Referensimaluku.id,Ambon –Undang-Undang Republik Indonesia (UU RI) Nomor 3 Tahun 2005 tentang Sistem Keolahragaan (SKN) sebagaimana telah diubah UU RI Nomor 11 Tahun 2022 tentang Keolahragaan secara eksplisit (tegas) melarang pejabat Negara atau pejabat publik menjabat ketua umum (ketum) Komite Olahraga Nasional Indonesia (KONI) provinsi, kota dan kabupaten.
Tapi, hal itu disimpangi melalui diskresi atau pengecualian KONI Pusat ketika diketuai Wismoyo Arismunandar (1999-2003), Marciano Norman hingga Tono Suratman, kepada Gubernur Maluku Karel Albert Ralahalu (KAR) yang menjabat Ketum KONI Maluku 2003-2008 dan 2008-2013. Nomenklaturnya Gubernur Maluku ex officio Ketum KONI Maluku.

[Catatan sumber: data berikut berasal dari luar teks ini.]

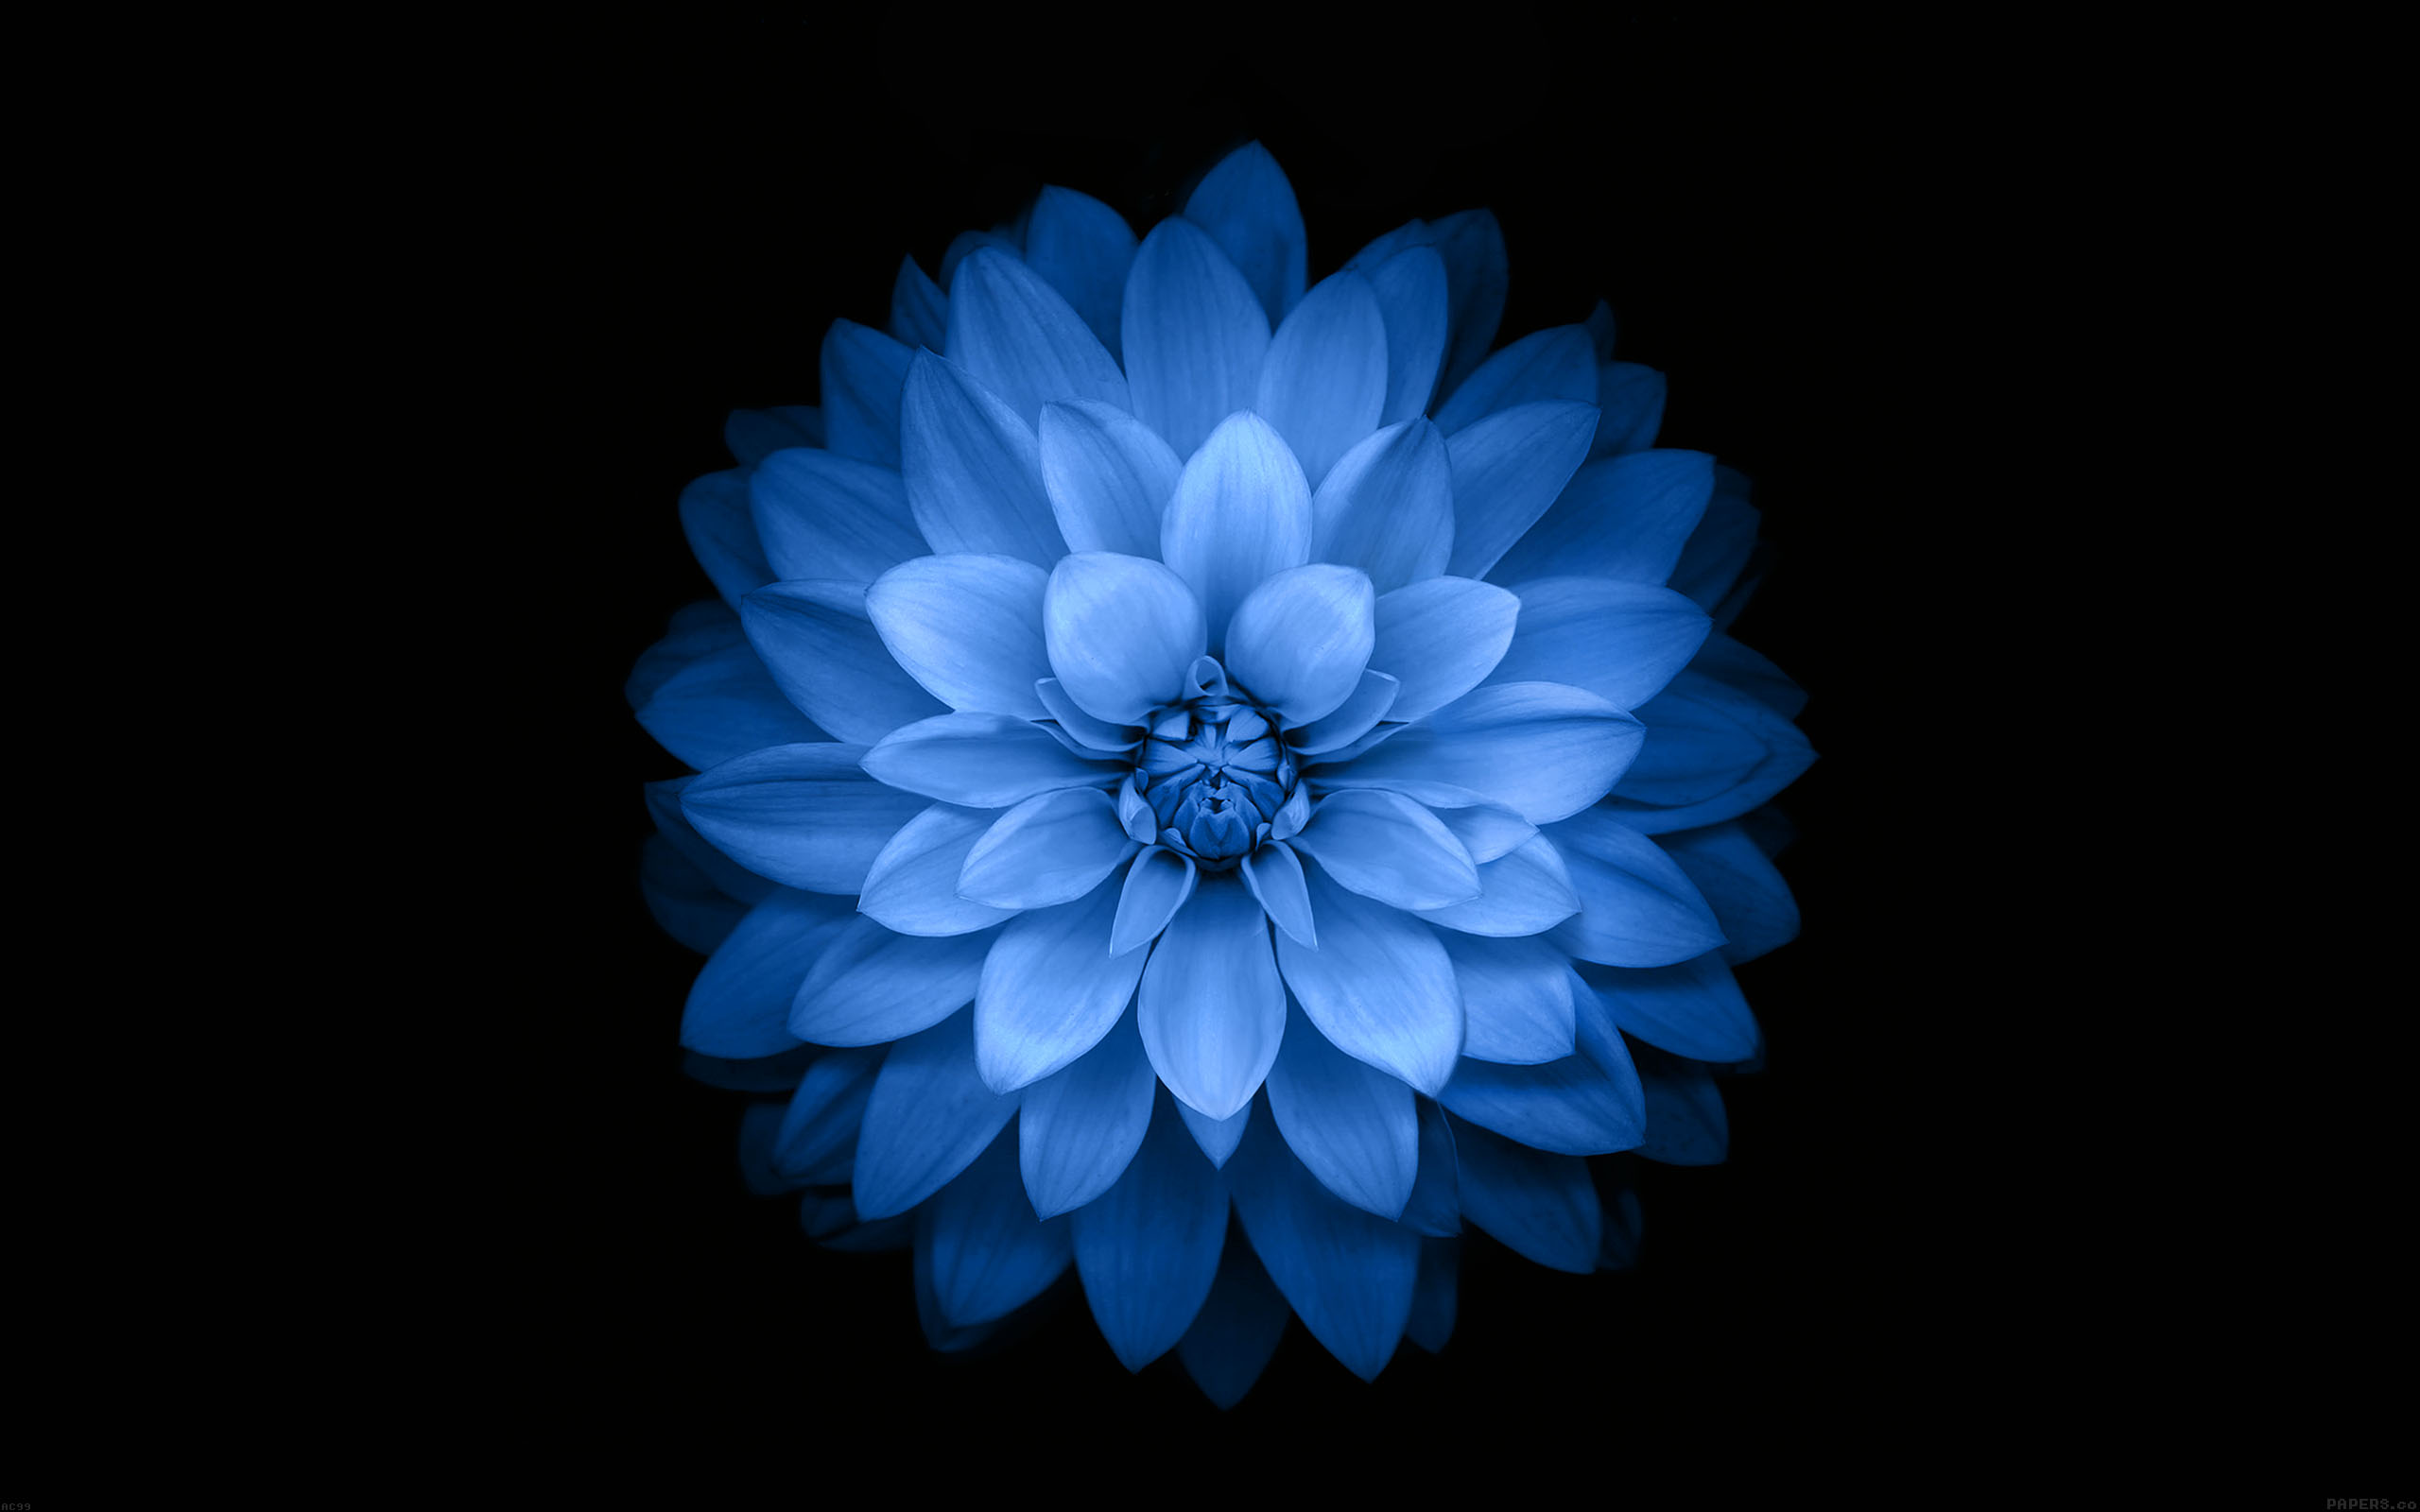 Cute Anime Wallpaper For Phone Ac99 Wallpaper Apple Blue Lotus Iphone6 Plus Ios8 Flower

Ketidaklaziman ini pun berlanjut ketika Gubernur Maluku Murad Ismail (MI) dipilih aklamasi sebagai Ketum KONI Maluku 2022-2026.
Dasar pertimbangan mengapa seluruh pemangku kepentingan (stakeholder) lebih memercayakan Gubernur dalam jabatan selaku kepala pemerintahan (eksekutif) menjabat ketum KONI Maluku semata-mata didasarkan pada hal-hal,sebagai berikut:
Pertama, nyaris seratus persen anggaran pembinaan dan pengembangan prestasi olahraga di Maluku bersumber dari dana hibah Pemerintah Provinsi Maluku, dan kedua, jika gubernur menjabat ketum KONI Maluku tentu akan mempermudah pencairan anggaran dari aspek teknis maupun pemerintahan. Perbedaan mendasar antara Gubernur KAR dan Gubernur MI ketika memimpin KONI Maluku terletak pada rekrutmen (pemilihan) personel-personel KONI Maluku.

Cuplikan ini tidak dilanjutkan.